Dean Dillon (born Larry Dean Flynn; March 26, 1955) is an American country musician and songwriter. Between 1982 and 1993, he recorded six studio albums on various labels, and charted several singles on the Billboard country charts. Since 1993, Dillon has continued to write hit songs for other artists, most notably George Strait.

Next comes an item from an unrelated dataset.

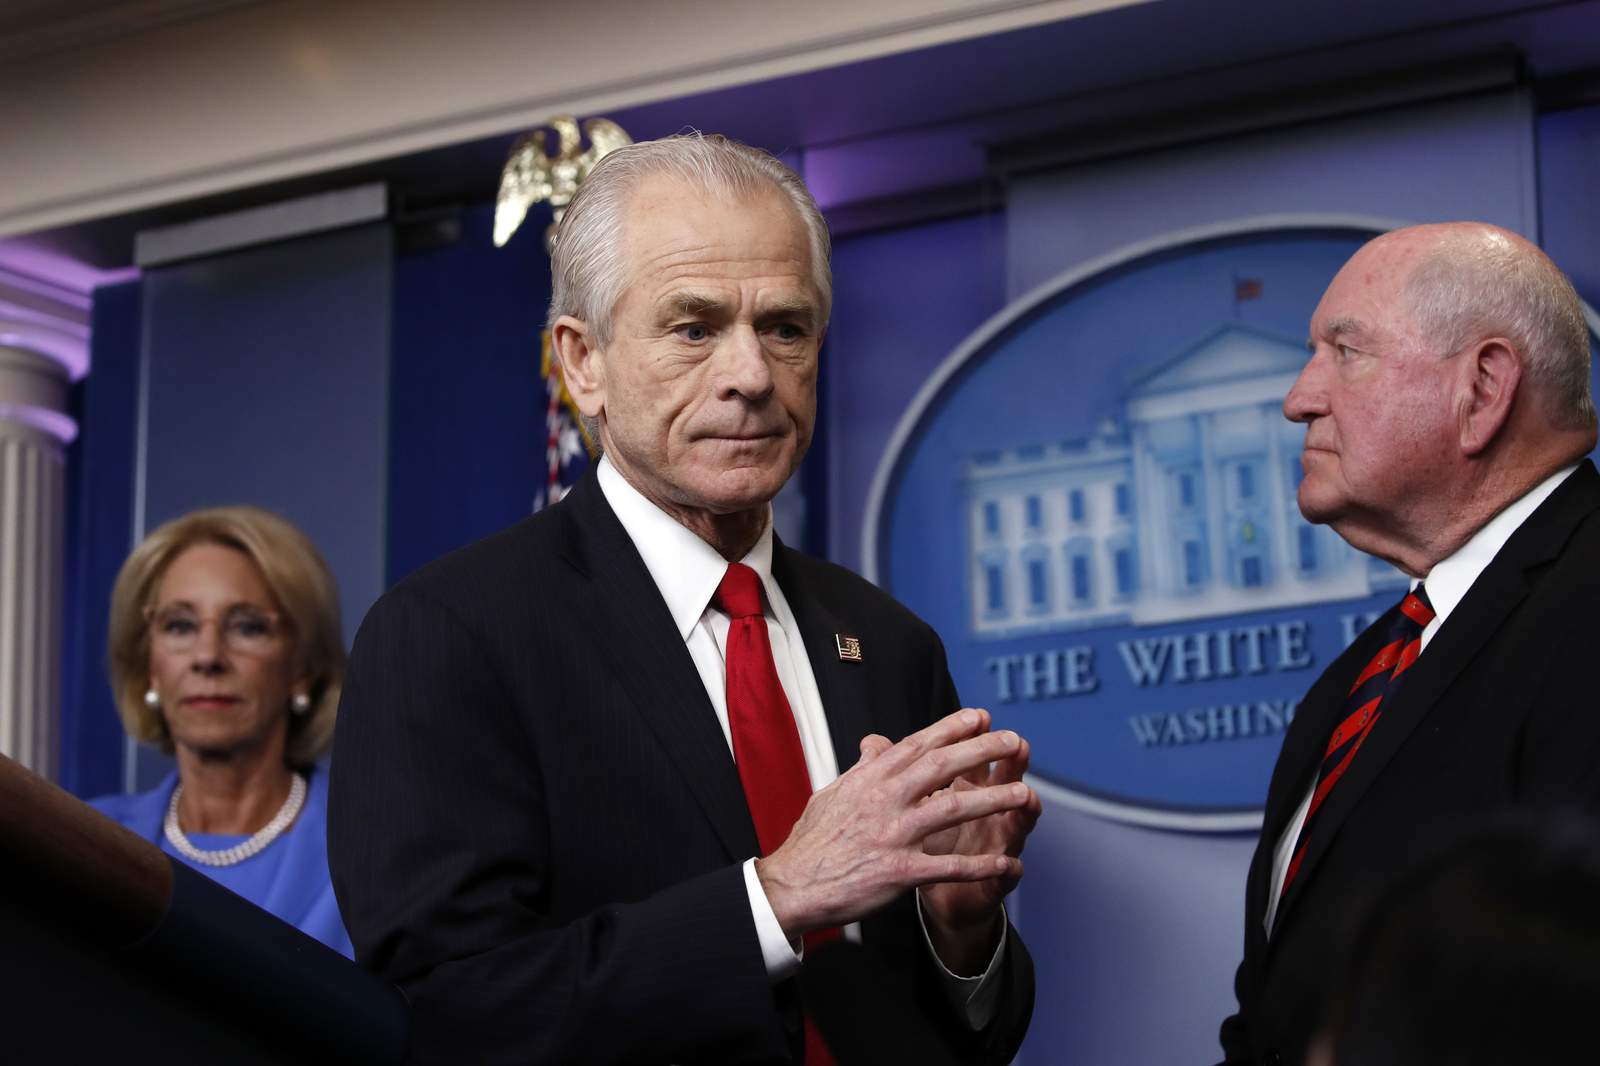 Peter Navarro on his qualifications to disagree with Dr. Anthony Fauci on coronavirus treatments: ‘I’m a social scientist’

In 2002, Dillon was inducted into the Nashville Songwriters Hall of Fame. In 2020, he was inducted into the Country Music Hall of Fame.

Early life 
Dean Dillon was born Larry Dean Flynn on March 26, 1955, in Lake City, Tennessee, where he was raised. He began playing the guitar at the age of seven, and when he was 15 he made his first public appearance as a singer and performer in the Knoxville variety show Jim Clayton Startime. After completing Oak Ridge High School in 1973 he hitchhiked to Nashville with hopes of starting a music career. Dillon first recorded on the Plantation label as Dean Rutherford, and then as Dean Dalton. Upon moving to RCA Records, he was persuaded to change his recording name; record executive Jerry Bradley randomly picked the name Dillon from a telephone book.

Career

Recording artist
As a recording artist between 1979 and 1983, Dillon charted eight times, including one top 30 hit, "I'm into the Bottle (To Get You out of My Mind)".  He was featured on several duet albums with songwriting partner Gary Stewart. Early songwriting success earned Dillon a recording deal with Capitol Records for  whom he released two studio albums. In 1991, now at Atlantic Records, Dillon released his most successful and most recent studio album, Out of Your Ever Lovin' Mind.

Songwriter
As a songwriter, early successes includes David Allan Coe's 1981 hit "Tennessee Whiskey". Dillon has written many singles for George Strait, including "The Chair", "Nobody in His Right Mind Would've Left Her", "It Ain't Cool to Be Crazy About You", "Ocean Front Property", "Famous Last Words of a Fool", "I've Come to Expect It from You", "If I Know Me", "Easy Come, Easy Go", "Lead On", "The Best Day", "She Let Herself Go", "Living for the Night", "Drinkin' Man", and "I Believe". Strait and his son Bubba co-wrote the latter three with Dillon.

Record label
In 2018 he met Sundance Head at a Houston Rodeo and fell in love with his voice. "The first time I heard 'Dance' I thought, 'where has THIS guy been hiding? I've been in this business all my life, and with the exception of a couple of people, I've never heard anybody sing the way this man does. He is extremely special," says Dillon. With the help of business associates from Texas Dean Dillon create his own record label WildCatter Records, signing Sundance Head. On January 25, 2019, their first album together, Stained Glass and Neon, was released.

Personal life
Dillon's daughter, Jessie Jo Dillon, is also a songwriter.  He also has another daughter, named Song, who is also a singer songwriter.

Discography

Albums

Singles

Music videos

Songs written
Dillon has worked with a younger generation of country stars including Toby Keith and Kenny Chesney. In 2002, he was inducted into the Nashville Songwriters Hall of Fame along with Bob Dylan and Shel Silverstein. Dillon co-wrote two songs on Toby Keith's 2005 album Honkytonk University, and five on his 2006 album White Trash with Money, including the single "A Little Too Late".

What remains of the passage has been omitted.